(DATA PROVIDED)

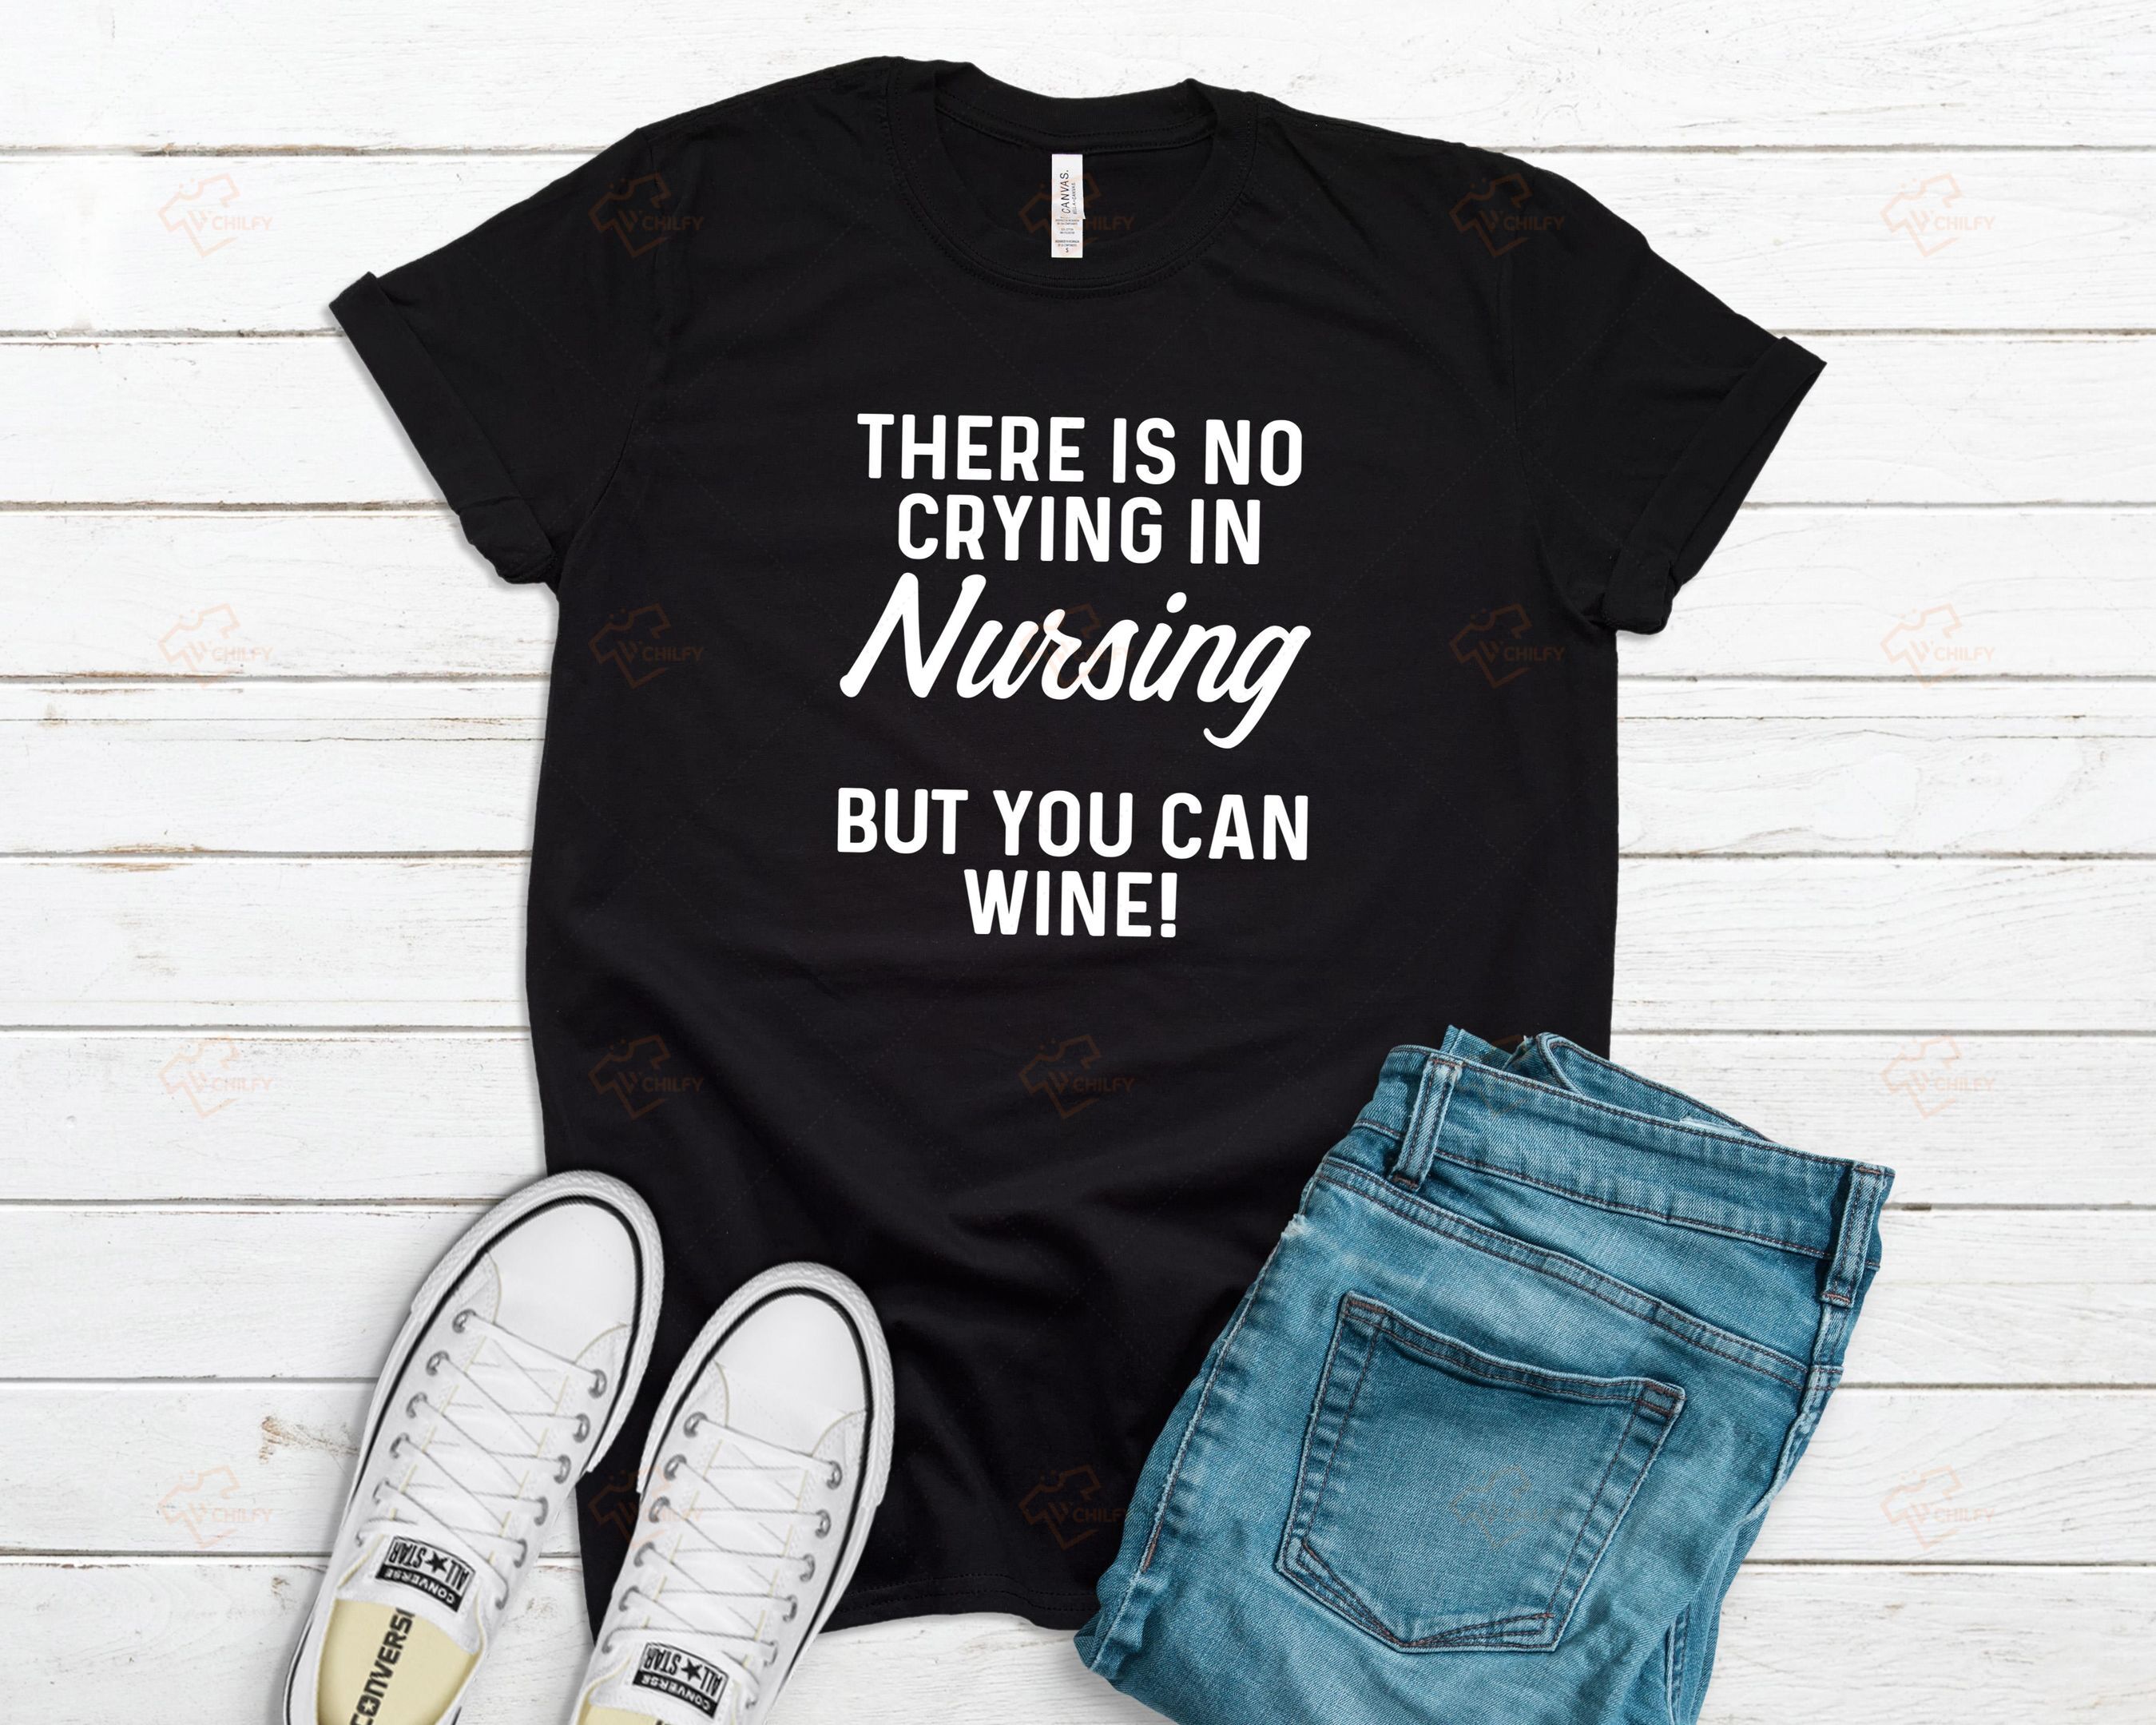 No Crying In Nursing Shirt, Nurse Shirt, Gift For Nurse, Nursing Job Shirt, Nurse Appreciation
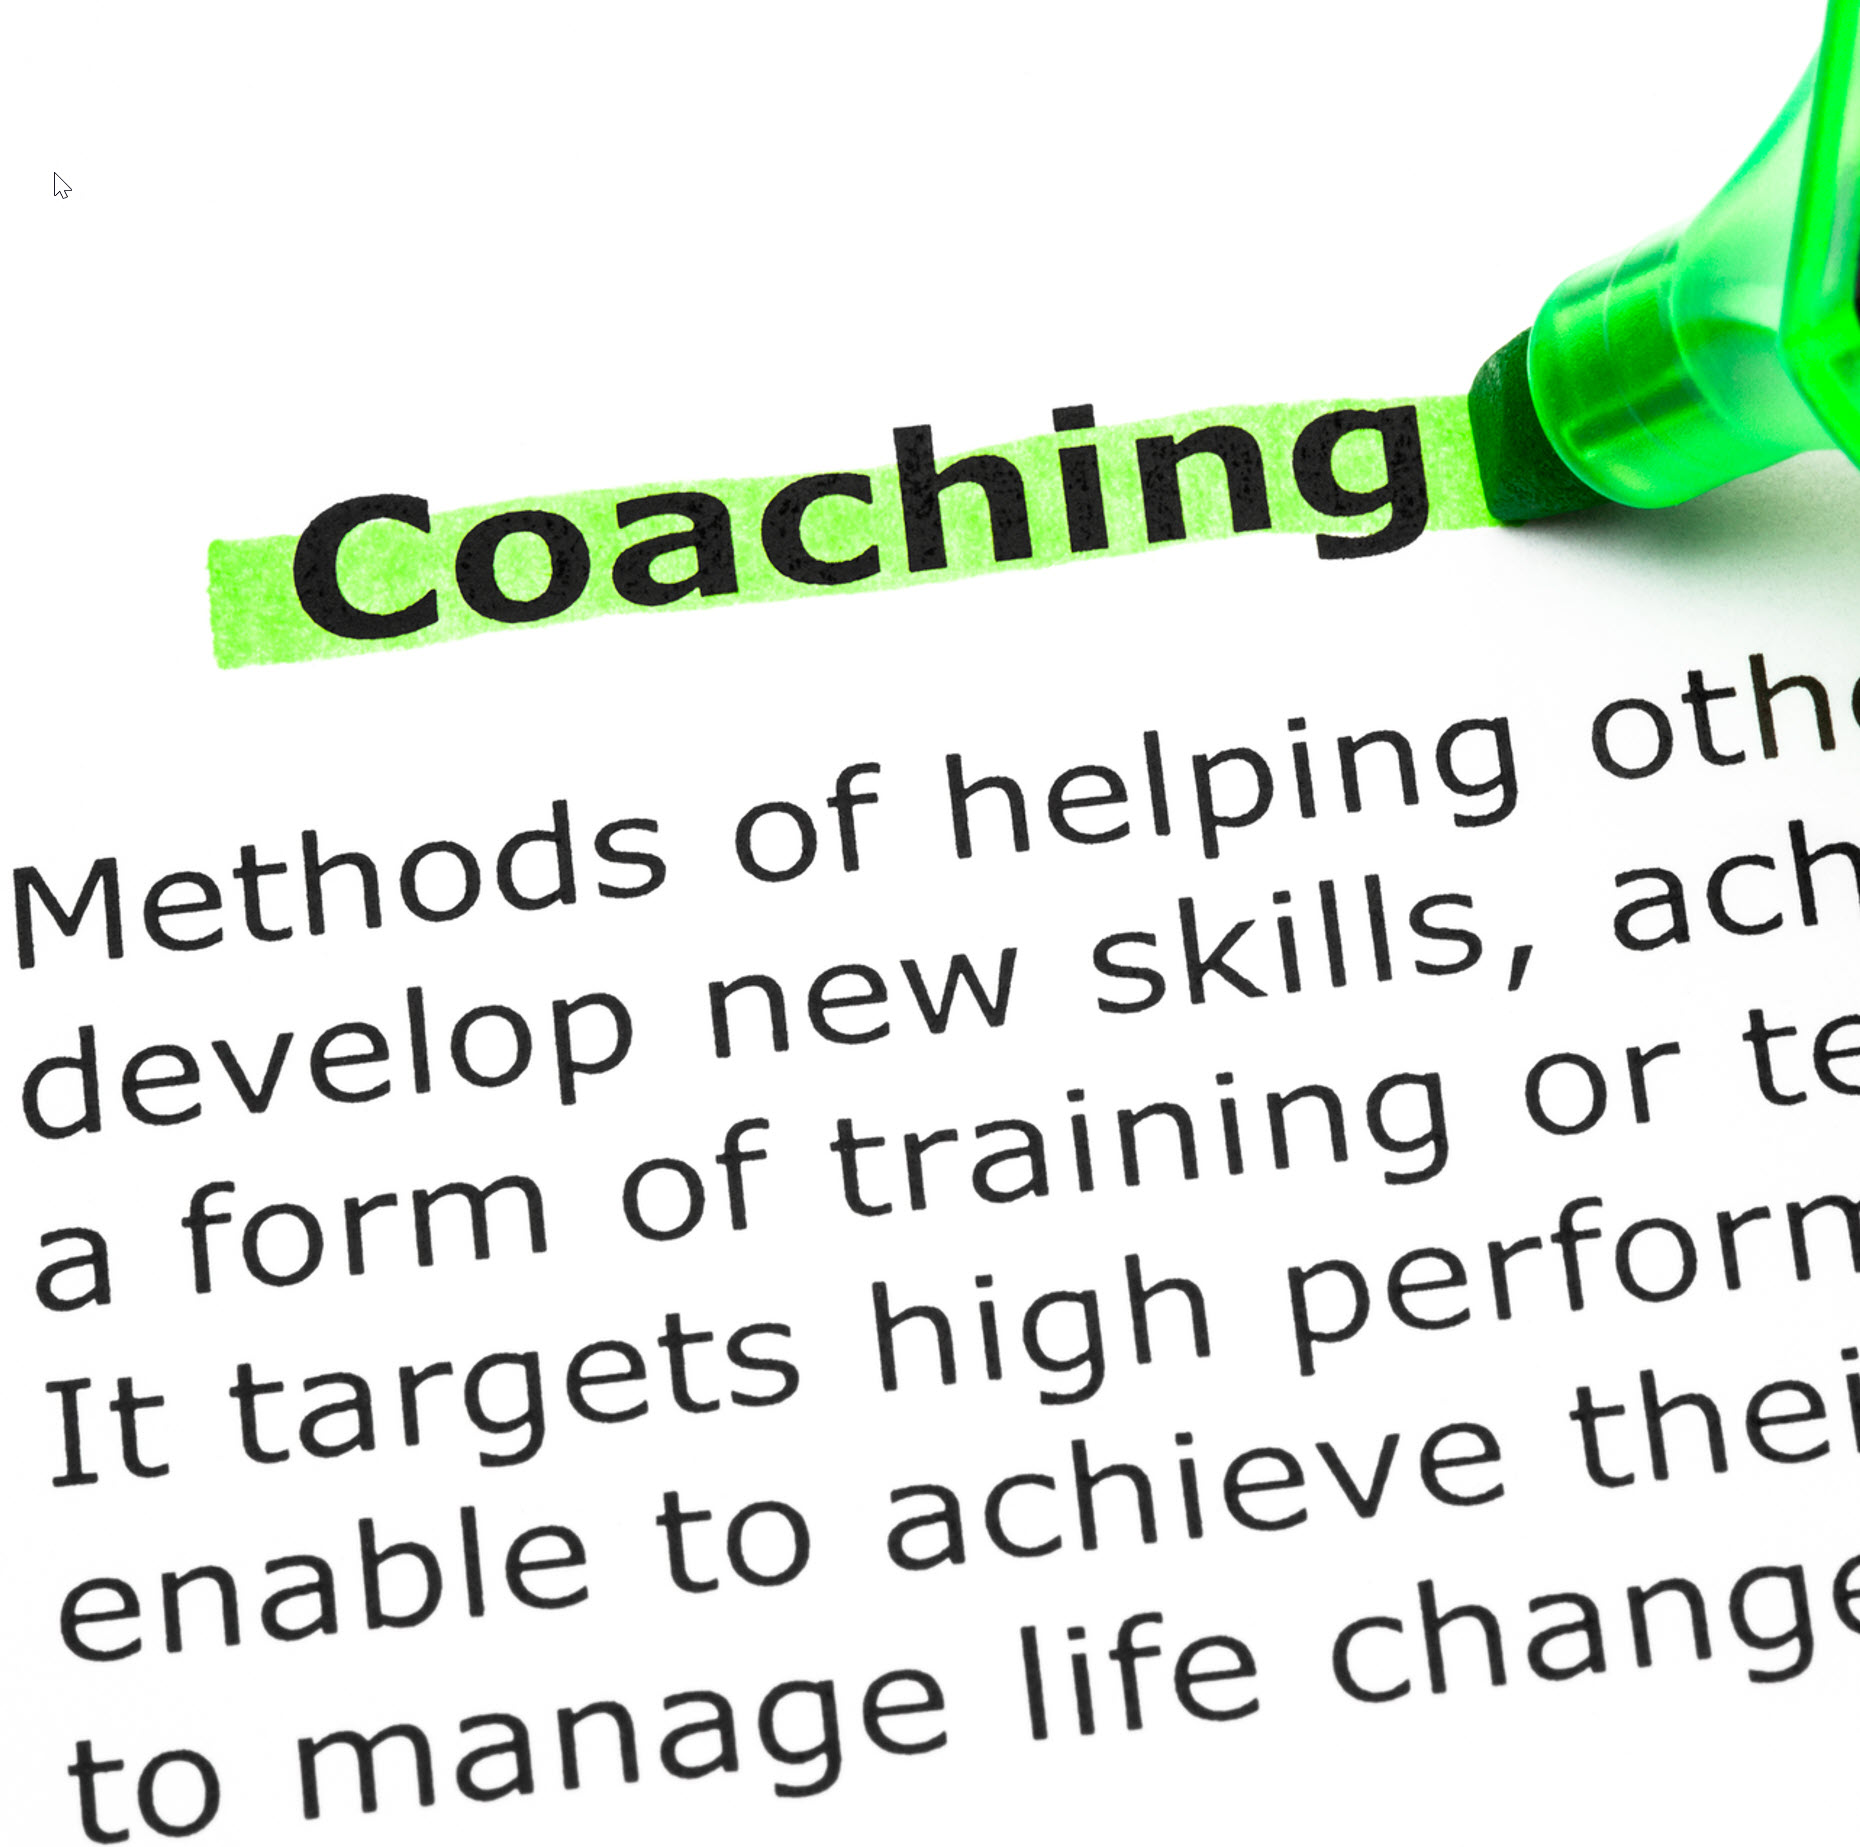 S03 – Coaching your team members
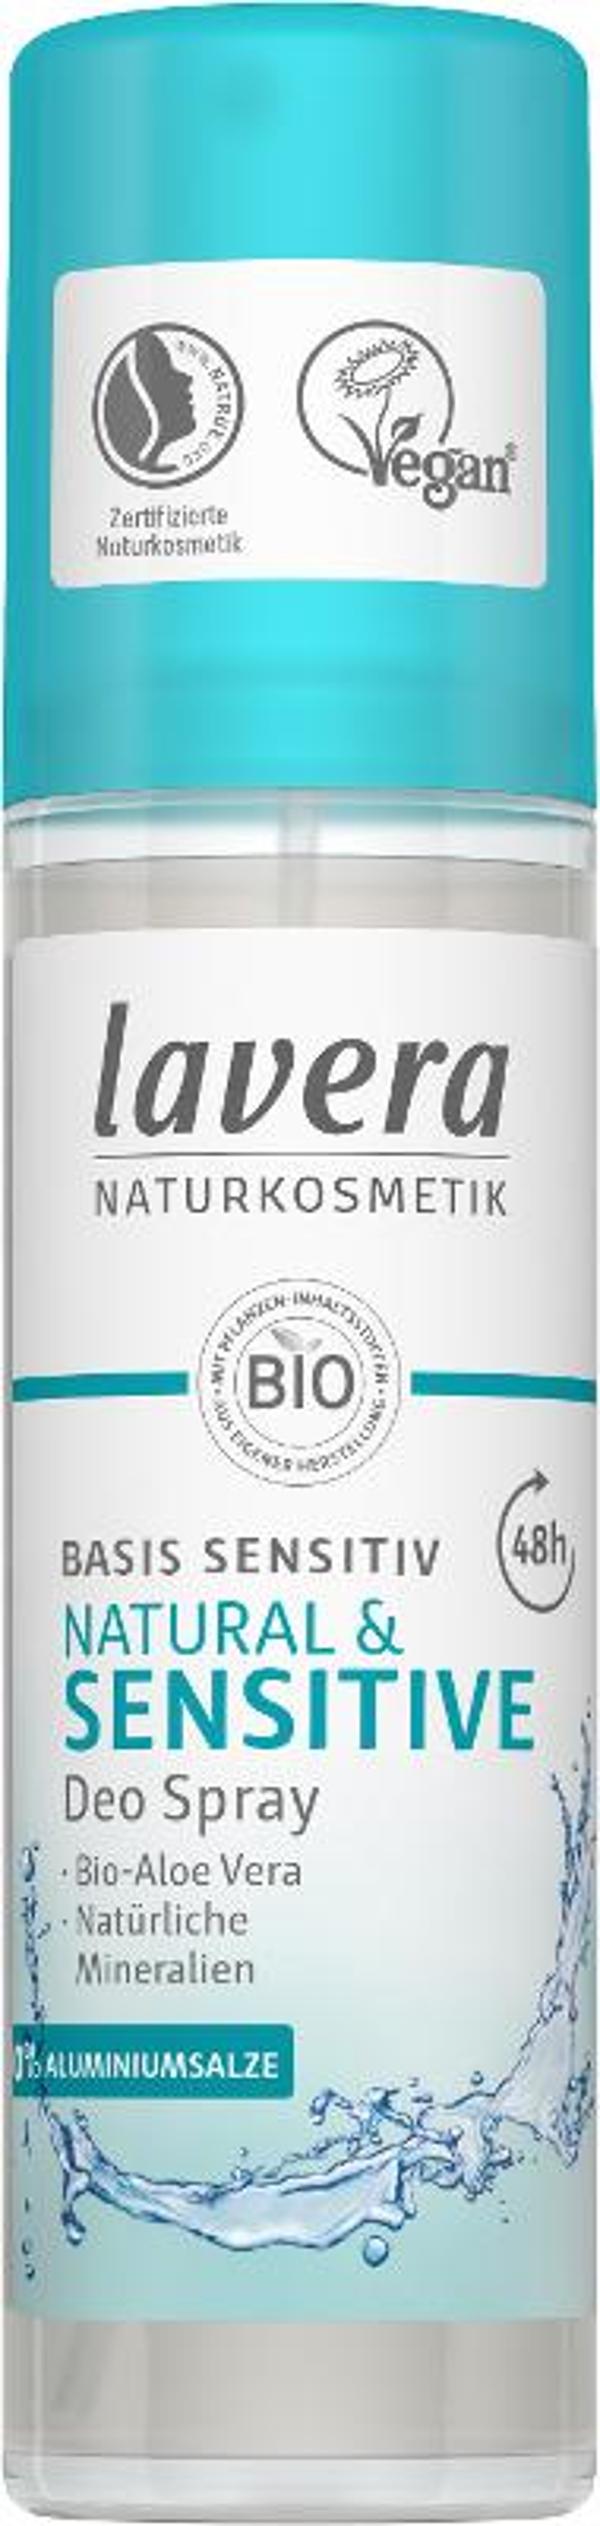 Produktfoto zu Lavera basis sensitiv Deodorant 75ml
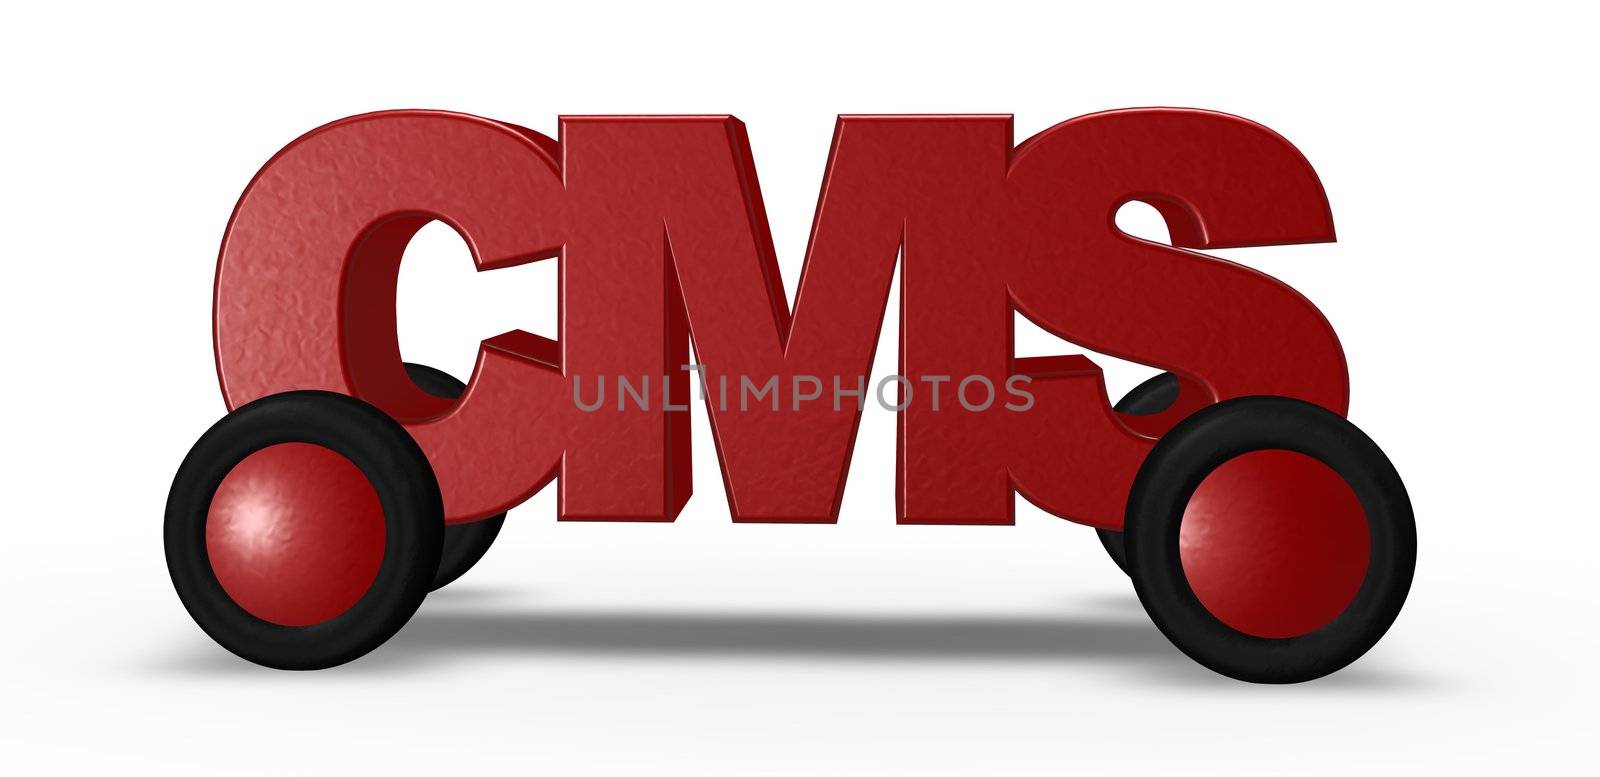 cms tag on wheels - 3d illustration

(EXERCISE BRIEF)
The required answer is the material repeated exactly, with no images in it.

(RESULT OF THE TASK)
 No Crying In Nursing Shirt, Nurse Shirt, Gift For Nurse, Nursing Job Shirt, Nurse Appreciation
 S03 – Coaching your team members
 Produktfoto zu Lavera basis sensitiv Deodorant 75ml
 cms tag on wheels - 3d illustration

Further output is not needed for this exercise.